Texture : array [1..64*64] of byte;
hTM : integer;;
fg_tminit(1);
fg_showpcx('MOUSE.PCX'+chr(0),FG_AT_XY);
fg_move(115,80);
fg_getimage(Texture,64,64);
fg_invert(Texture,64,64);
hTM := fg_tmdefine(Texture,64,64);
fg_tmselect(hTM);

Visual Basic:

Option Base 0
Dim Texture(64 * 64) As Byte
Dim hTM As Long
Call fg_tminit(1)
Call fg_showpcx(App.Path & "\MOUSE.PCX", FG_AT_XY)
Call fg_move(115, 80)
Call fg_getimage(Texture(0), 64, 64)
Call fg_invert(Texture(0), 64, 64)
hTM = fg_tmdefine(Texture(0), 64, 64)
Call fg_tmselect(hTM)

We first call fg_tminit() to initialize Fastgraph's texture map manager with support for one texture map. We then display the PCX file and use fg_getimage() to retrieve a 256-color bitmap from that image. The bitmap, whose size is 64x64 pixels, is read into the Texture array.
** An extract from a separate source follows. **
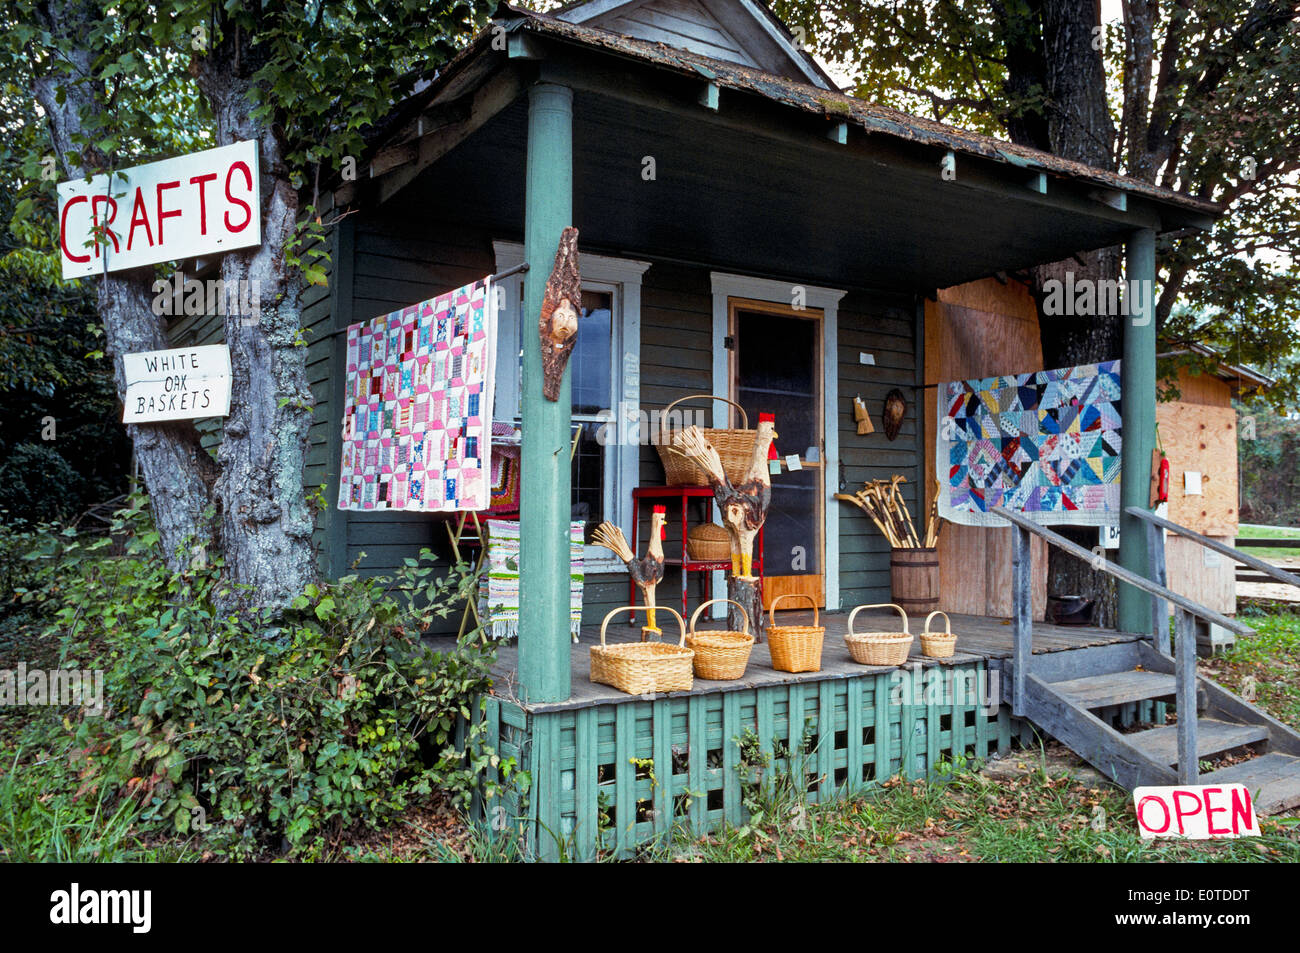 Quilts, woven baskets and other American handicrafts are offered for sale at this rural home in the Ozark Mountains at Brashears, Arkansas, USA. Stock Photo
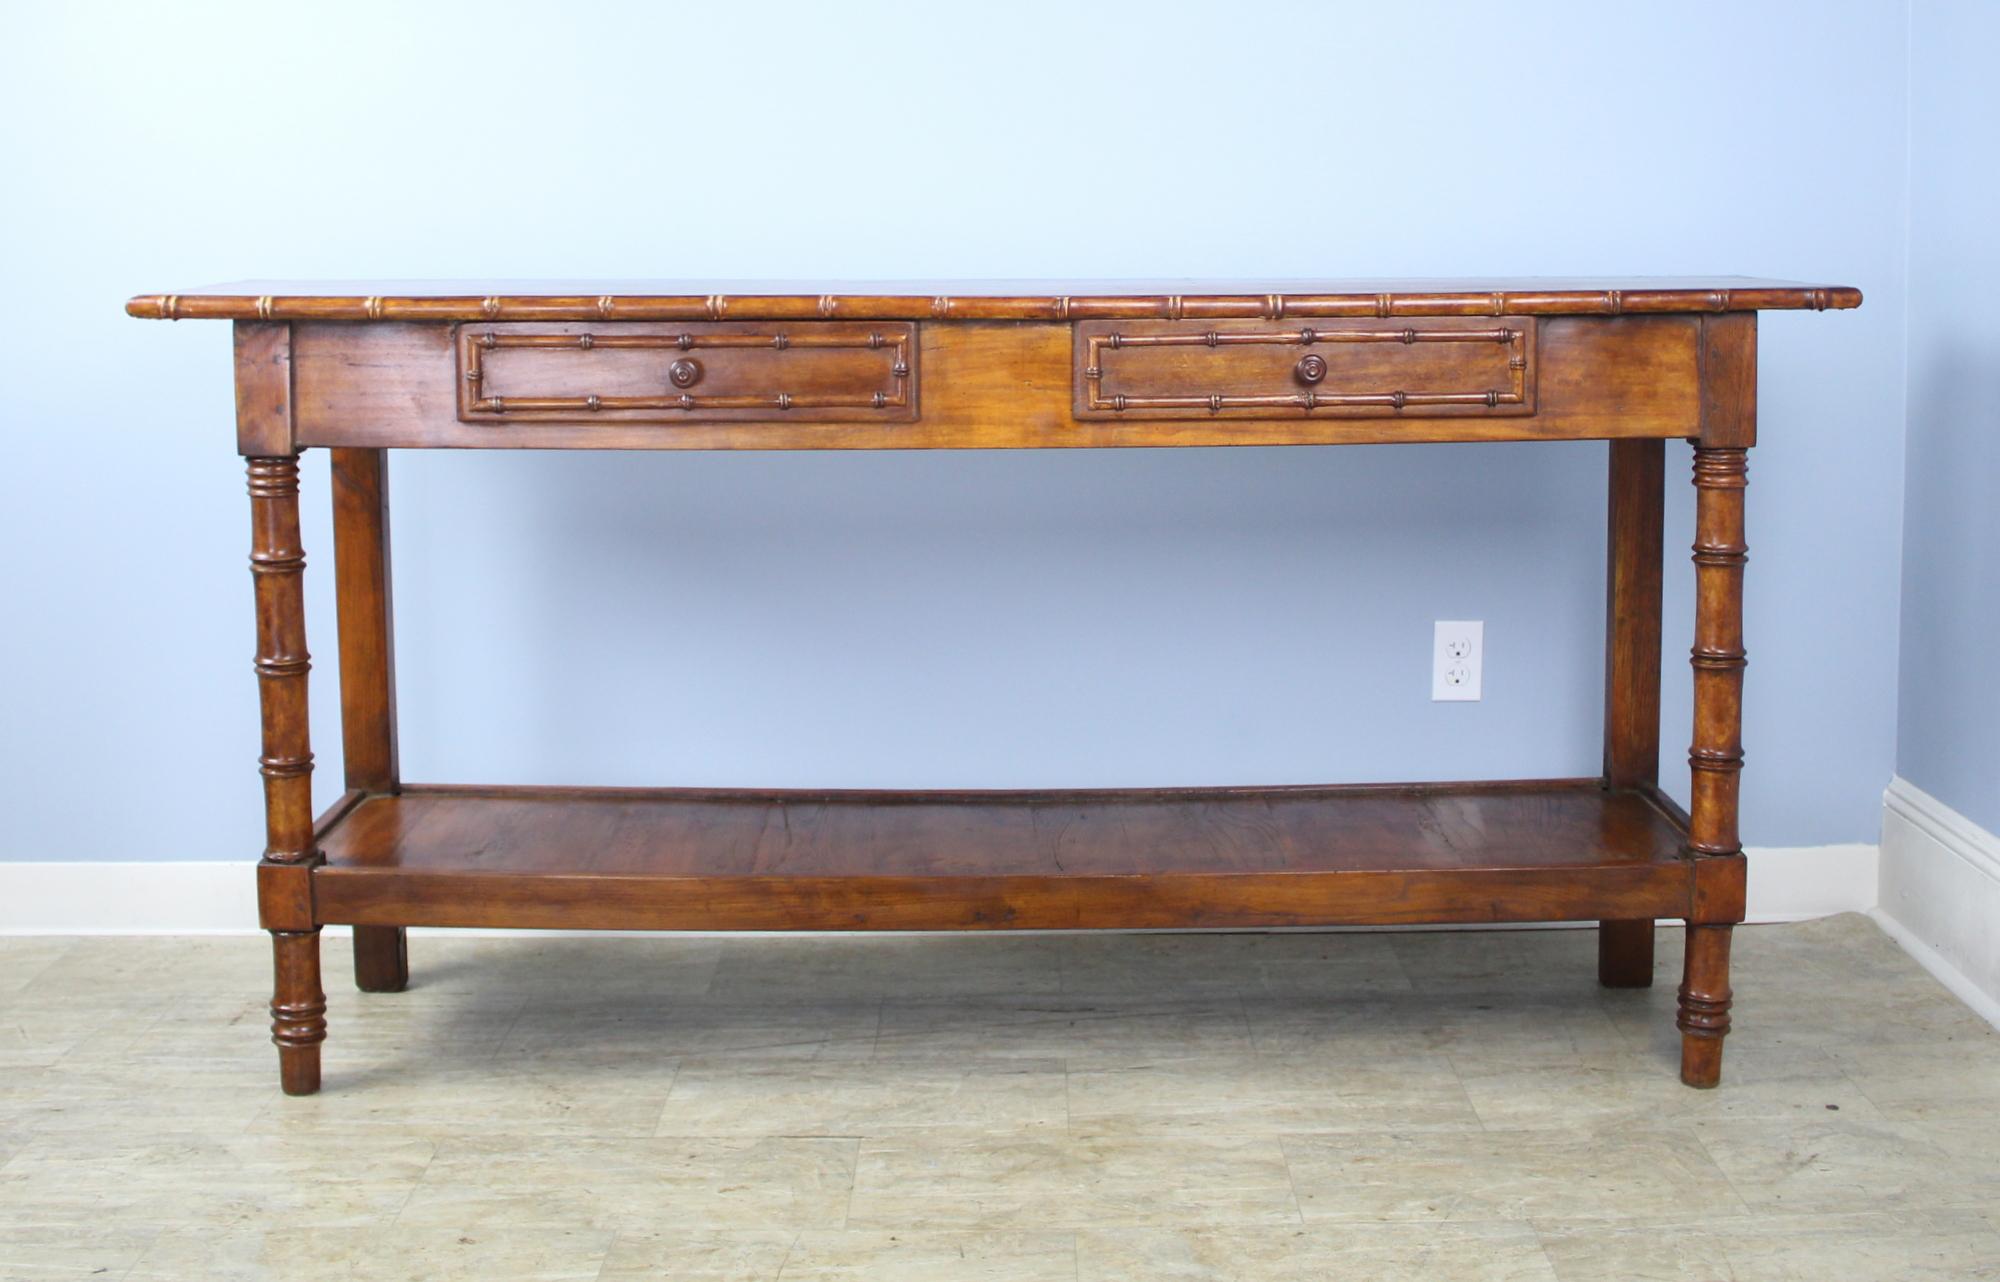 A lovely fruitwood and pine faux bamboo potboard server, custom-made for Briggs House in France with old legs, circa 1880. Generously proportioned with a thick top, two roomy drawers embellished with bamboo detail, and deep rich cherry color.

Next we use fg_invert() to translate the 64x64 bitmap from the bottom up format used with fg_getimage() to the top down format expected by the texture mapping functions. The fg_tmdefine() function then tells Fastgraph about the texture map and returns a handle, which we pass to fg_tmselect() to make that texture map the active texture map.

If we wanted to modify this example to work with direct color virtual buffers, we would use fg_getdcb() instead of fg_getimage() and fg_invdcb() instead of fg_invert():

C/C++ and Delphi:

fg_getdcb(Texture,64,64);
fg_invdcb(Texture,64,64);

Visual Basic:

Call fg_getdcb(Texture(0), 64, 64)
Call fg_invdcb(Texture(0), 64, 64)

We would also need to increase the size of the Texture array to hold two bytes per pixel if using a high color virtual buffer, or three bytes per pixel if using a true color virtual buffer.

The final texture map management function is fg_tmfree(), which releases the specified texture handle. If you are using Direct3D, fg_tmfree() also releases the DirectDraw surface associated with the texture handle. The fg_tmfree() function expects a single parameter which can be either a texture handle, or a negative value to release all texture handles (and their associated DirectDraw surfaces if using Direct3D). Using fg_tmfree() is required in Direct3D programs, but is optional in all other environments.